The Matriarch Falls
Posted on | August 1, 2004 | No Comments
It’s expected. But expected in the way you expect thunder during a rainstorm, if that makes any sense.
I’ve been avoiding the situation for months. In keeping my distance from South Florida I’ve kept away from the truth. She’s sick. She’s been sick for years but the downturn in the past few months has been hard for me to fathom. I’m in denial, even still. Even after the conversation with Mom where she sobbed because Uncle Mickey is making a home for Gramps, building canary cages and an orchid garden. Why? Because “we figure we have at least fifteen good years with him after she’s gone.” God, what it must have taken for Mom to admit that, epically to me. I know she’s bad off. Calling 911 three times in a week is worse than I expected. But South Florida calls to me and I have to answer. I have to see her, even in her shadowy state.
I say shadowy for a reason. She has always been the beacon, with bright plastic earrings, glowing green eyes and a smile that seemed blessed by the Goddess. But now the handwriting has stopped, the stories stay frozen inside a mind that doesn’t understand the why’s and hows of everything. The worst part is she understands enough to know she’s not right anymore. That there is something terribly wrong. And she fights, god, does she fight. She doesn’t want to forget that she called Mom three times in three days, yelling at her each time for not calling the night before. She forgot my birthday. This is extremely telling for one reason: she never forgets anything. In twenty-eight years on this earth I have always received a card, always. The year before last Gramps sent a silver bracelet, which I still wear every day. I know she didn’t go with him to pick it out. I know the last gift she gave me: my Inca bracelet. But it was from her own jewelry box, so it is that much more precious to me. But she forgets everything now.
She used to be a woman of indefinable strength. The glue for our supremely dysfunctional family. She was the matriarch and she wore the role well. But my mother, a woman of similar strength and grace, has slowly come into the role. It seems strange on her, unwieldy and almost unwelcome. Mom has enough shit to worry about, her business, her marriage, her life. But now, as she always has, she plans and assembles the shambles of a life gone downhill so fast. Mom’s got her same quick laugh, her same way of telling stories. But Mom isn’t her. She can’t be. That’s not the way this works.
So once again things are put into perspective. I threw out the last letter she wrote me, expecting there to be a follow up. But there wasn’t. She can’t write anymore, her hands hurt too much. She has a hard time talking on the phone because of her labored breath. She, who was once the most put together person I knew, never leaving the confines of her bedroom until every hair was in place and the perfect shade of lipstick applied, soils herself because she can’t move. Do you understand what that image does to me? She was grace and dignity, now she is mere fragments.

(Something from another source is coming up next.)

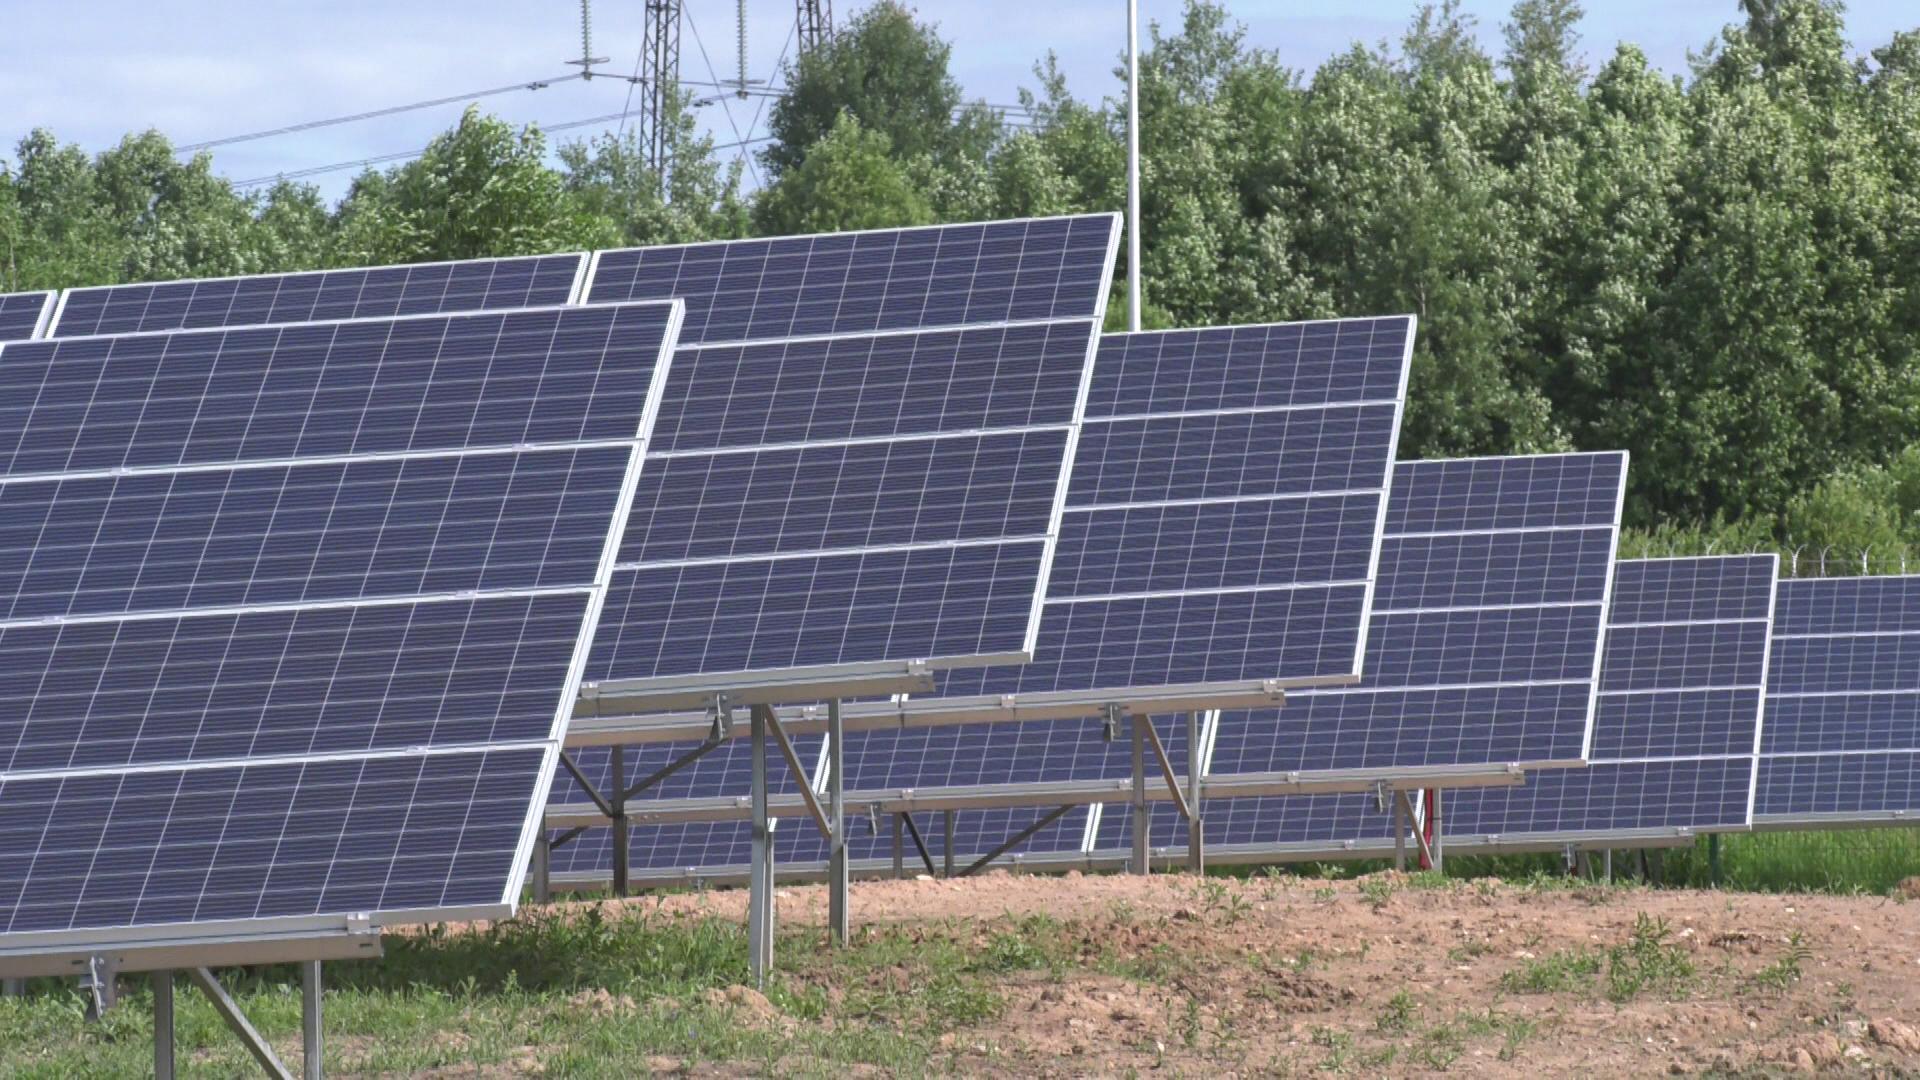 solnechnye batarei - Гелиоэнергетическую установку запустили в Сенненском районе (видео)

The squabbles I have had of late with friends seem petty. The hurt feelings I have had seem childish. I’m living with at full capacity. I’m not limited by what my damaged body can manage. I remember what yesterday smelled like and what the sound of her voice felt like when it echoed in the hallowed halls of Notre Dame. All this shit, this infantile crap is meaningless. My grandmother is dying, and for the first time in my life I am terrified that I won’t remember what she smells like. What shade of green her eyes glow. How it felt to have her arms wrapped around me. And as I sit here, full of sorrow and shedding tears I hope that she fights enough until September. I will go and hug her and tell her I love her. And even if she doesn’t consciously remember that I was ever there, I think her heart will understand that her first grandchild loved her more than peanut butter sandwiches and strawberry shortcake. More than Coco-puffs and sherbet.
In my memory I will always be seven, awed at her beauty and her enormous collection of flip-flops. I will remember the smell of Gramps cooking and how she used to sneak me jellybeans and mint candies. I will remember her dancing to Frank Sinatra in the living room, eyes closed as she wrapped her arms around my grandfather, swaying to and fro with grace. She would always break mid-song, and beckon me to her. And we would dance, my bare feet stepping on her perfectly painted toes. And she would smile down at me. God, I loved her smile.
Grannie. Please wait. Just wait until September and then, if its what is best for you, go where there is no pain. Say hello to Big Gramps and Aunt Jonie and remember, deep down, you were always my favorite.